• Data shown
##############################
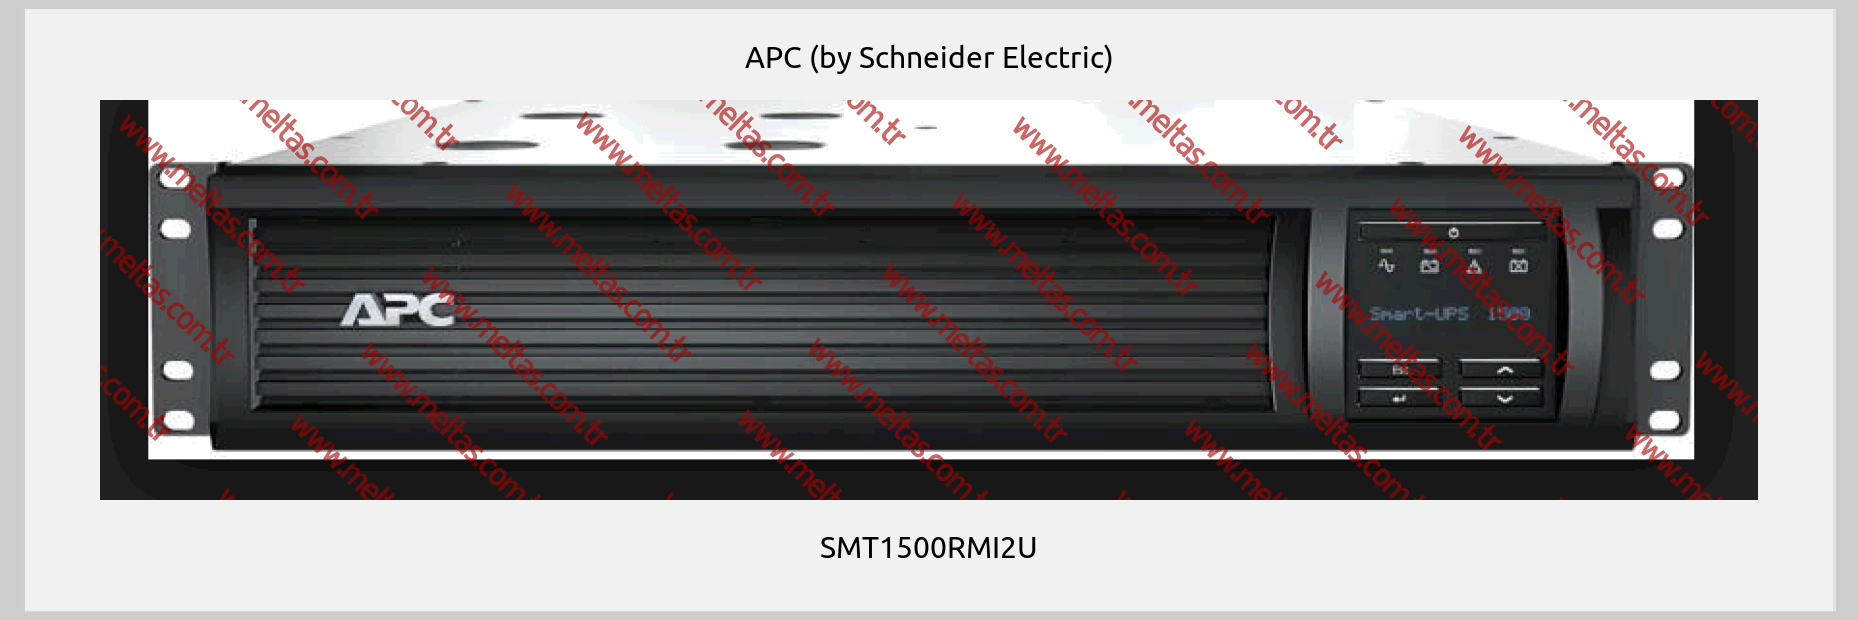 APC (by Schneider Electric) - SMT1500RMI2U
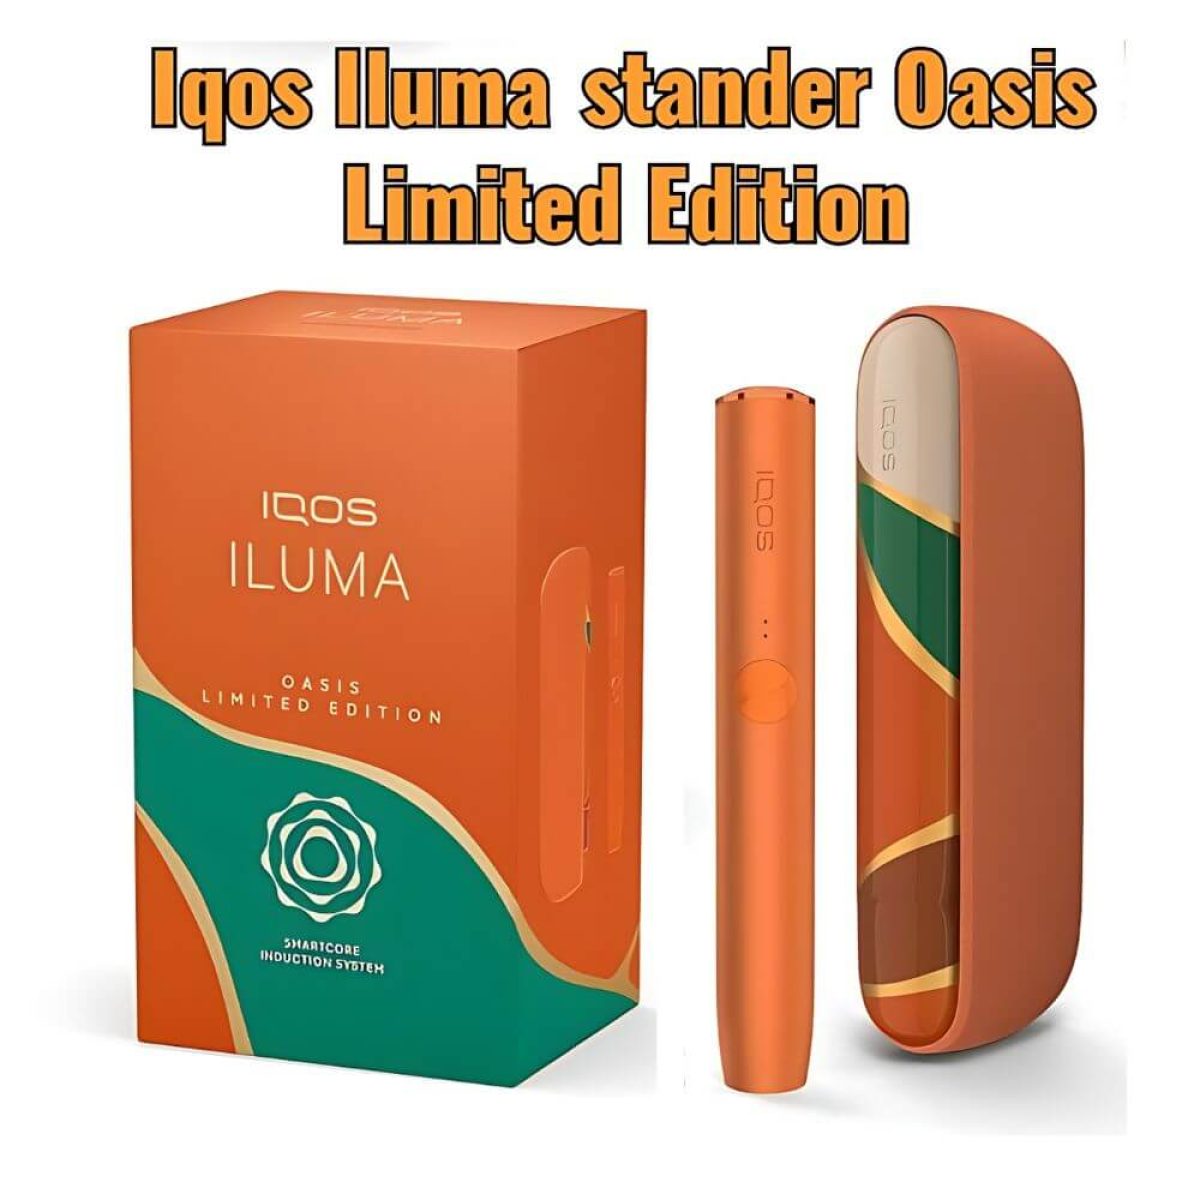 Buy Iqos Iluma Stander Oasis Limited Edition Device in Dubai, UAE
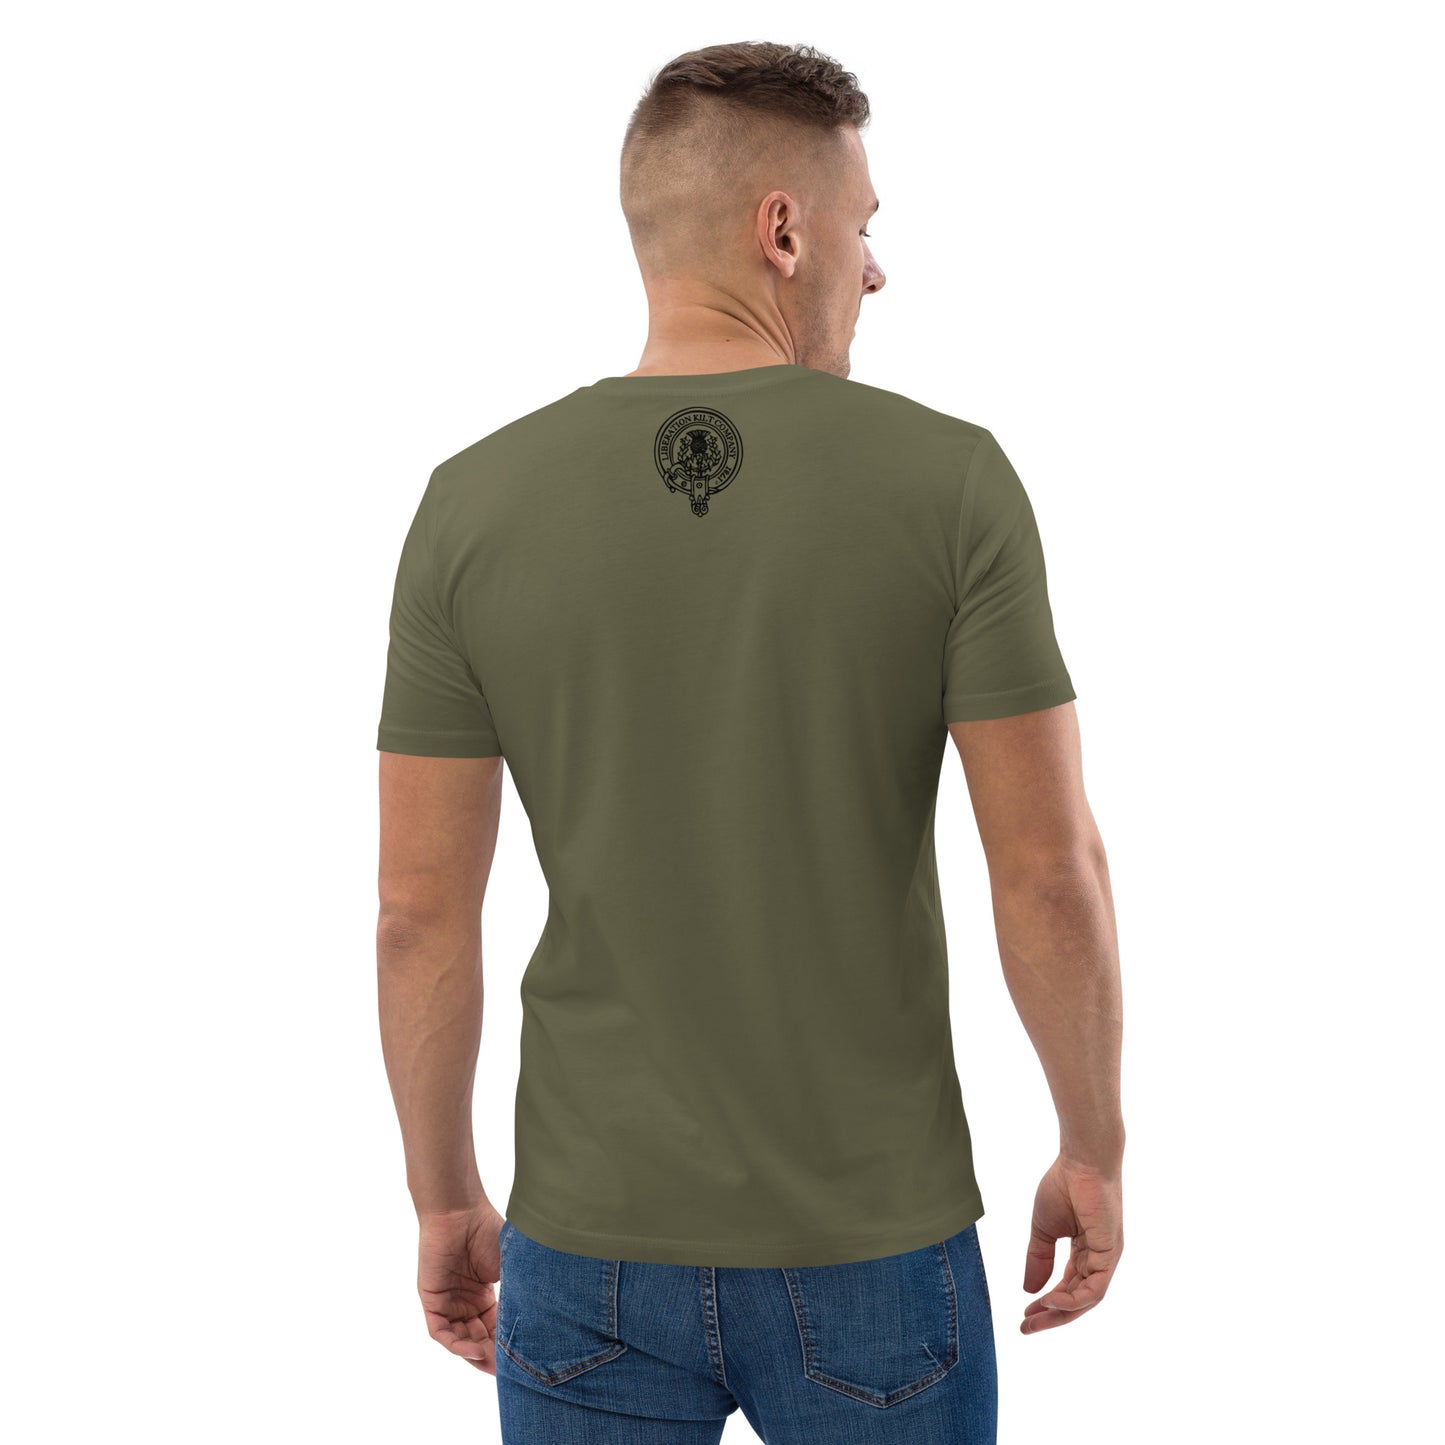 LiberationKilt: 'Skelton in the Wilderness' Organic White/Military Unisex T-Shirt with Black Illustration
##############################
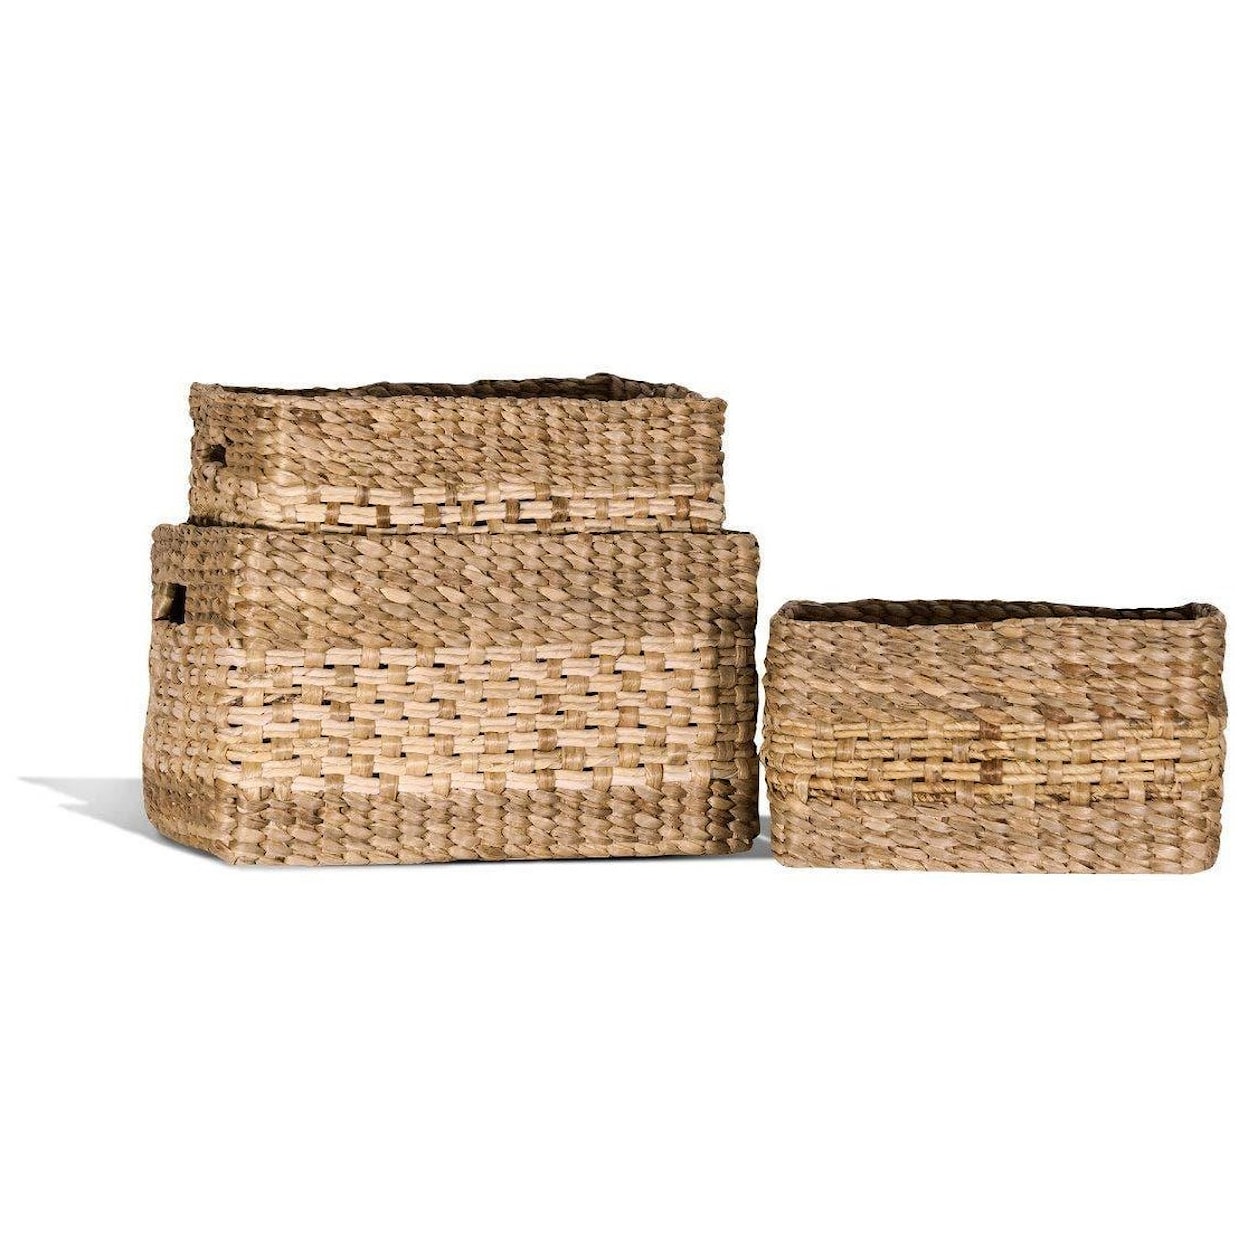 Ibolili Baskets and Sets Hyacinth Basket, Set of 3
##############################
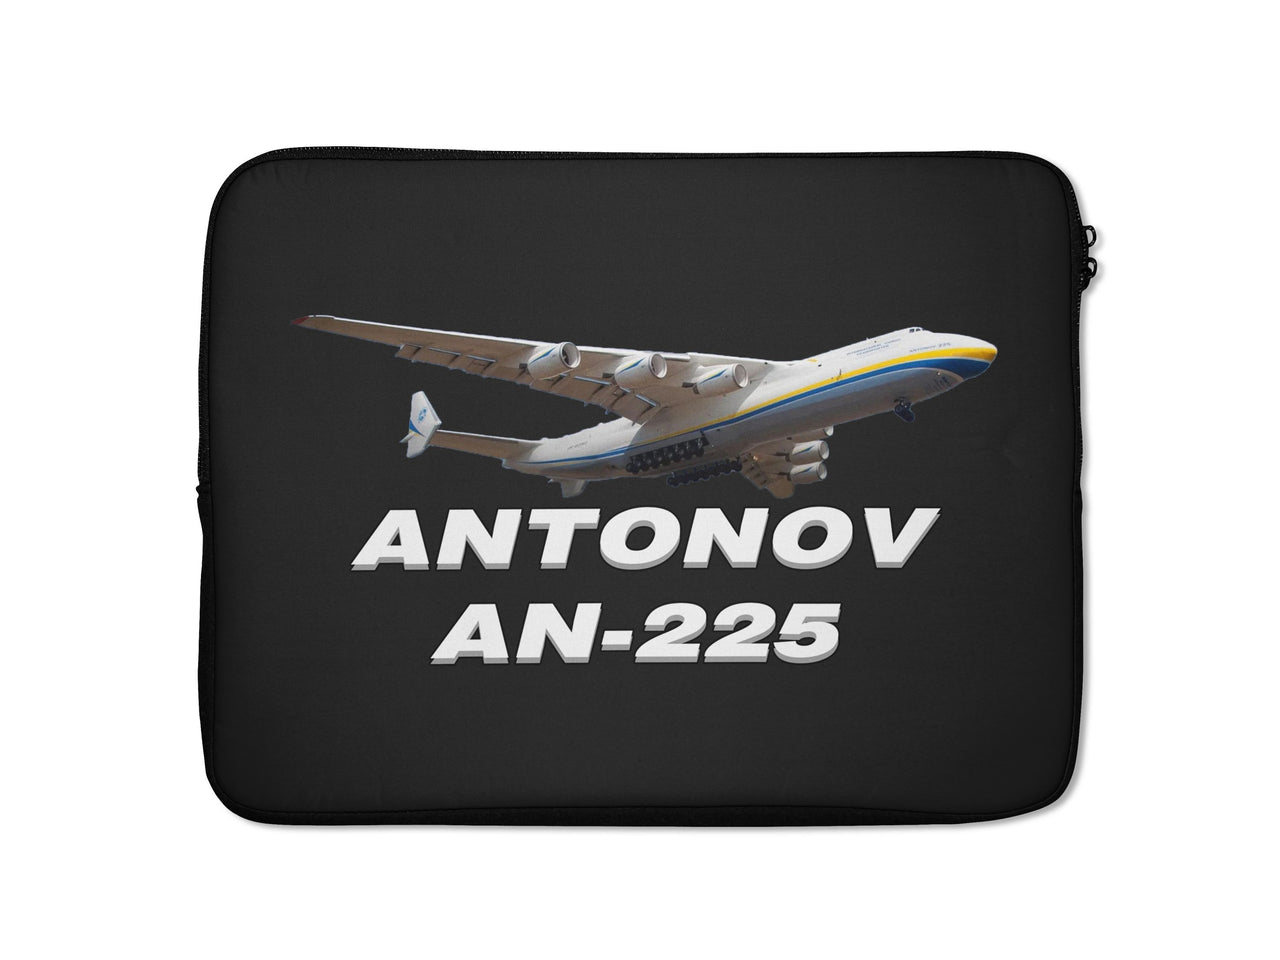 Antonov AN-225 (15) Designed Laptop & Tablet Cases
##############################
• Activity
Respond with the exact lines above running from the one containing "APC (by Schneider Electric) - SMT1500RMI2U" to the one containing "LiberationKilt: 'Skelton in", both ends kept and no pictures included.

• Task response
 APC (by Schneider Electric) - SMT1500RMI2U
 Buy Iqos Iluma Stander Oasis Limited Edition Device in Dubai, UAE
 LiberationKilt: 'Skelton in the Wilderness' Organic White/Military Unisex T-Shirt with Black Illustration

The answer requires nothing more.